In der öffentlichen mündlichen Verhandlung wiederholte die Berufungswerberin ihr Vorbringen und gab ergänzend an, dass der von ihr geschilderte Vorgang höchstens 5 Minuten gedauert habe. Sie habe das Fahrzeug nicht verlassen, habe niemanden behindert und unmittelbar daraufhin die Fahrt wieder fortgesetzt.
Der Unabhängige Verwaltungssenat Wien hat erwogen:
Gemäß § 6 VStG ist eine Tat nicht strafbar, wenn sie durch Notstand entschuldigt oder, obgleich sie dem Tatbestand einer Verwaltungsübertretung entspricht, vom Gesetz geboten oder erlaubt ist.
Als Merkmal des Notstandes hat eine unmittelbar drohende Gefahr für das Leben, die Freiheit oder das Vermögen zu gelten (VwGH 19.12.1973, 319/73, 27.5.1987, 78/03/0112).
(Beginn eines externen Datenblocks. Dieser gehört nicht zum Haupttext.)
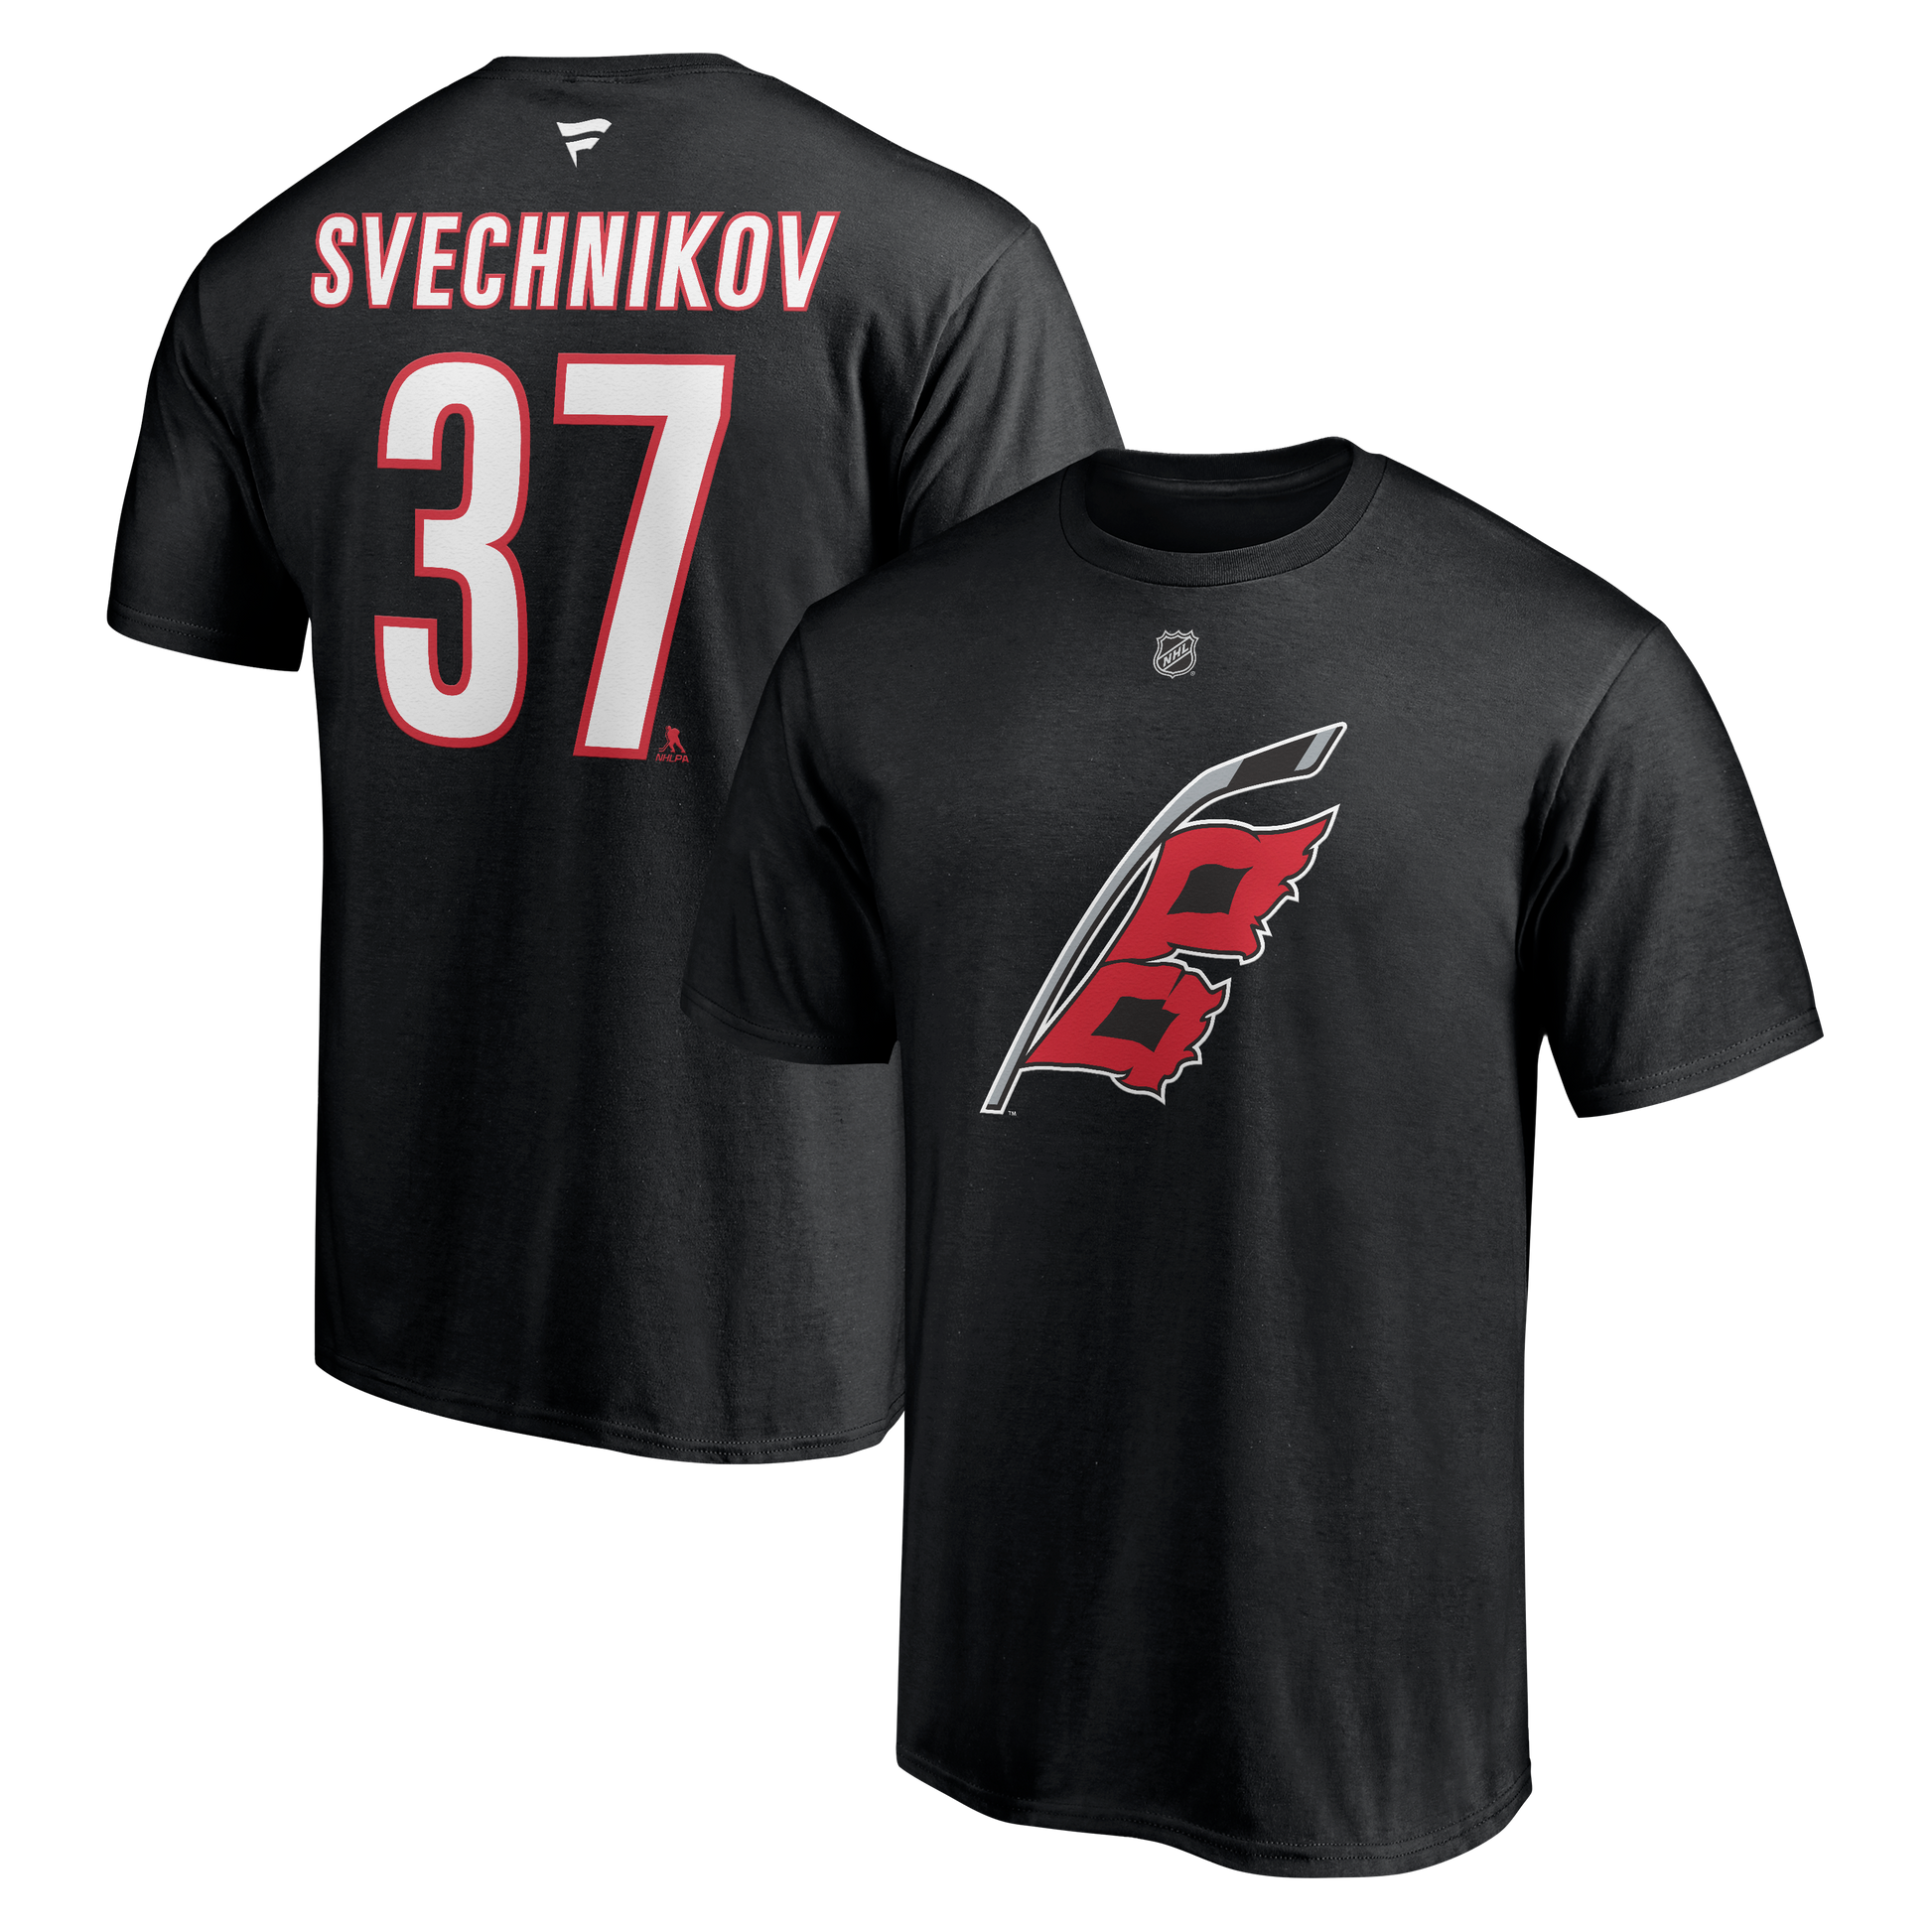 Front and back view of black Svechnikov player tee

Unter Notstand im Sinne des § 6 VStG kann nur ein Fall der Kollision von Pflichten und Rechten verstanden werden, in dem jemand sich oder einen anderen aus schwerer unmittelbarer Gefahr einzig und allein dadurch retten kann, daß er eine im allgemeinen strafbare Handlung begeht (VwGH 24.4.1974, 1999/73 ua). Dies trifft aber selbst bei Annahme einer wirtschaftlichen Schädigung, sofern sie die Lebensmöglichkeit selbst nicht unmittelbar bedroht, nicht zu (VwGH 11.6.1954, 466/52, 11.4.1986, 86/18/0051, 0052).
Die erstinstanzliche Behörde selbst hat ausgeführt, dass ein Notstand dann gegeben ist, wenn die Verwaltungsübertretung zur Abwendung unmittelbar drohender Gefahr erfolgt, die so groß ist, dass sich der Beschuldigte im unwiderstehlichem Zwang befindet, eher die in Betracht kommende Vorschrift zu übertreten als das unmittelbar drohende Übel über sich ergehen zu lassen. Der Unabhängige Verwaltungssenat Wien teilt jedoch die von der erstinstanzlichen Behörde (ohne weitere Begründung) vertretene Ansicht, dass der von der Berufungswerberin geschilderte Sachverhalt mit einer gesetzlichen Notstandssituation "wohl in keinem Punkt" übereinstimmt, nicht. Vielmehr hätte von der Berufungswerberin, die Richtigkeit ihrer Sachverhaltsschilderung vorausgesetzt, wohl nicht erwartet werden können, in dieser Situation, die von ihr als unmittelbare Bedrohung für das Leben oder zumindest die Gesundheit ihres Kindes empfunden werden musste, anders zu handeln.
Zu prüfen war im Berufungsfall somit, ob die von der Berufungswerberin geschilderte Situation der Wahrheit entsprach. Dazu ist festzustellen, dass die Berufungswerberin im unmittelbaren Eindruck in der öffentlichen mündlichen Verhandlung korrekt und persönlich sehr glaubwürdig wirkte. Ihre Angaben waren widerspruchsfrei, schlüssig und nachvollziehbar und boten keinen Anlaß, an deren Wahrheitsgehalt zu zweifeln.
Es war daher, nach Durchführung des Beweisverfahrens, davon auszugehen, dass sich die Berufungswerberin in dem Zeitpunkt, in dem sie die verfahrensgegenständliche Verwaltungsvorschrift verletzte, in einer, gemäß § 6 VStG einen Schuldausschließungsgrund bildenden Notstandssituation befand, weshalb spruchgemäß zu entscheiden war.